The hydroxy group of a primary alcohol is bonded to a carbon atom that has one alkyl substituent. The hydroxy group of a secondary alcohol is bonded to a carbon atom that has two alkyl substituents. And in a tertiary alcohol, the hydroxy group is bonded to a carbon atom that has three alkyl substituents. Now that we can recognize the structure of alcohols, let’s learn how to name alcohol molecules to help us distinguish between them.
Here is a sample alcohol molecule that we would like to give a name. To name an alcohol following the rules established by the International Union of Pure and Applied Chemistry, we begin by naming the longest continuous chain of carbon atoms that contains the hydroxy group. This name consists of a prefix indicating the length of the carbon chain and a suffix that indicates the type of carbon-carbon bonds present.
In the example molecule, the hydroxy group is bonded to a carbon atom that is part of a five-carbon continuous chain. We name this chain pentane: pent- for the five carbon atoms of the chain and -ane for alkane, meaning that the carbon atoms are single bonded to one another. Next, we number the carbon atoms of the chain so that the hydroxy group has the lowest possible numbered position.
Looking at the molecule, we could number the carbon atoms from left to right or from right to left. Numbering the carbon atoms from left to right places the hydroxy group on the fourth carbon atom of the chain. But if we number from right to left, the hydroxy group is placed on the second carbon atom of the chain. This means that for this molecule, we want to number the carbon chain from right to left rather than left to right. This is because numbering the carbon chain from right to left places the hydroxy group on the carbon atom with the lowest possible position number.
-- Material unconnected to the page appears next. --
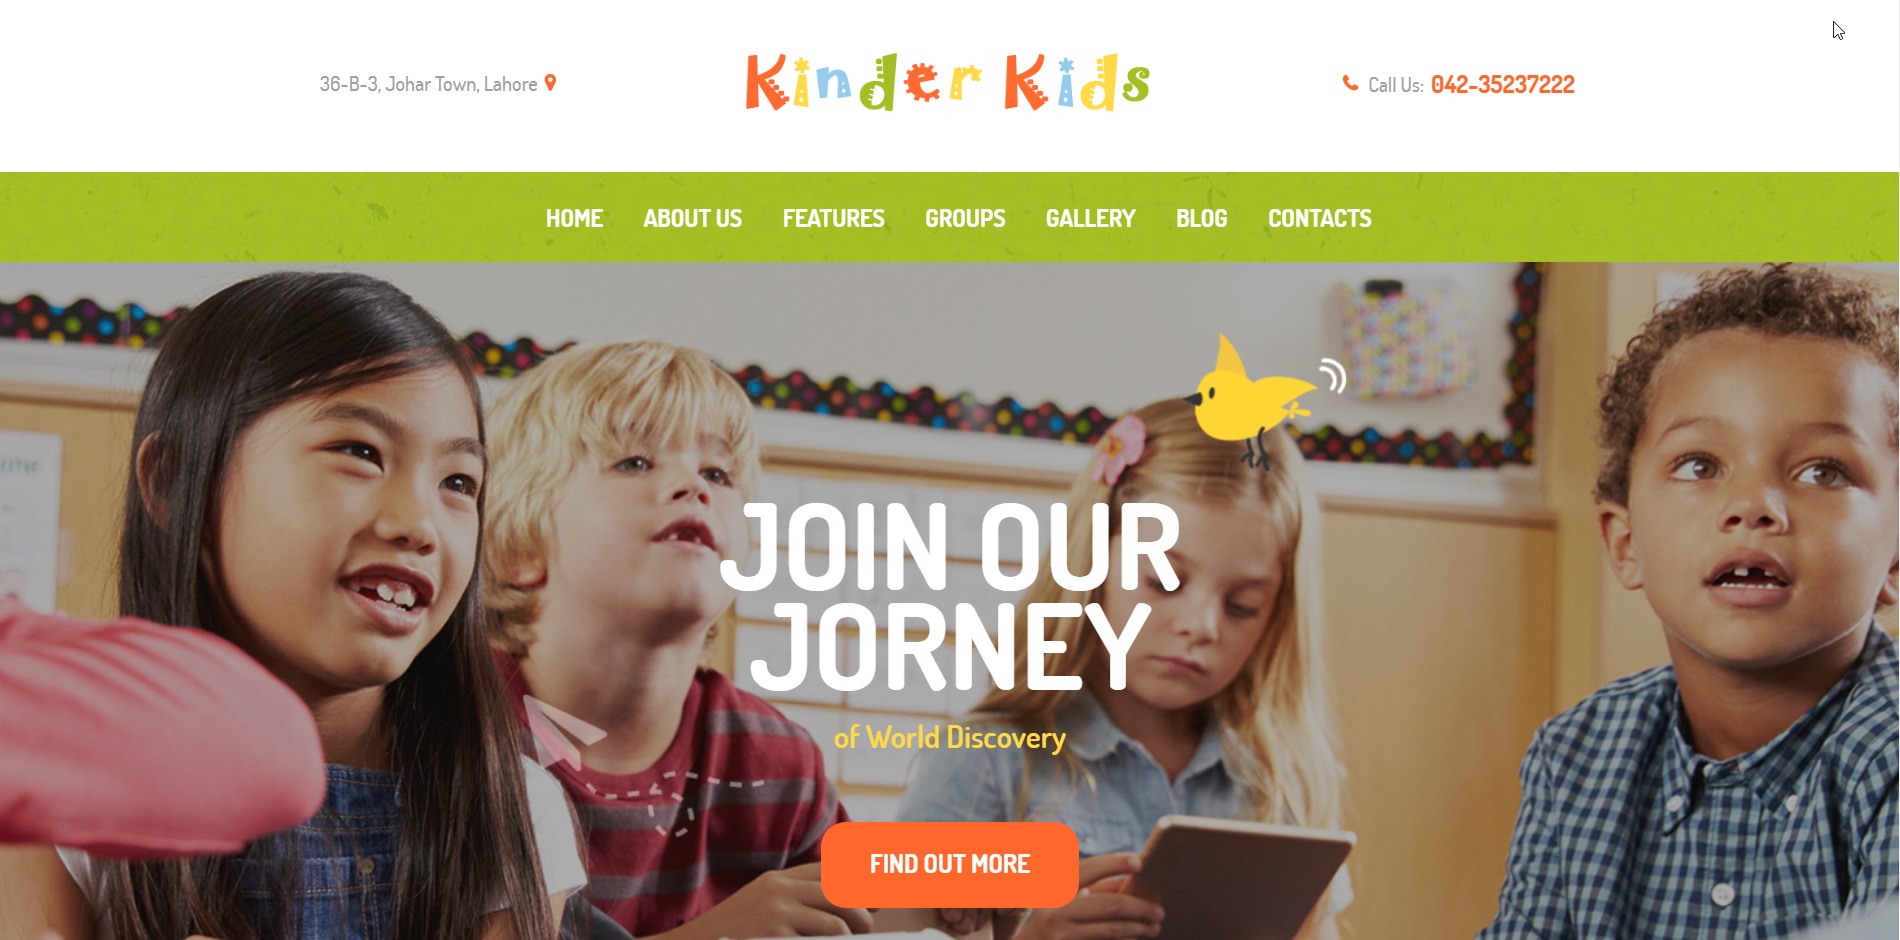 Kinder Kids Daycare and Preschool

We then add the position number to the name followed by the ending -ol, which indicates that the molecule is an alcohol. We separate the name, position number, and alcohol ending with dashes. When there is only one hydroxy group in the molecule, the e in the base chain name is often removed. Finally, we would want to name any additional substituents that appear in the molecule. This molecule does not have any additional substituents, so the final name is pentan-2-ol.
There are a few additional considerations when naming alcohols. A two-carbon saturated alcohol only has one unique hydroxy group position. As such, the position number of the hydroxy group for this molecule does not appear in the name. Thus, this alcohol is given the name ethanol, not ethan-1-ol. Some alcohols have common names that are frequently used in addition to their IUPAC name. Ethanol is commonly known as ethyl alcohol. Propane-2-ol is commonly called isopropyl alcohol. And 2-methylpropan-2-ol goes by the names tert-butanol, tert-butyl-alcohol, or t-butyl-alcohol.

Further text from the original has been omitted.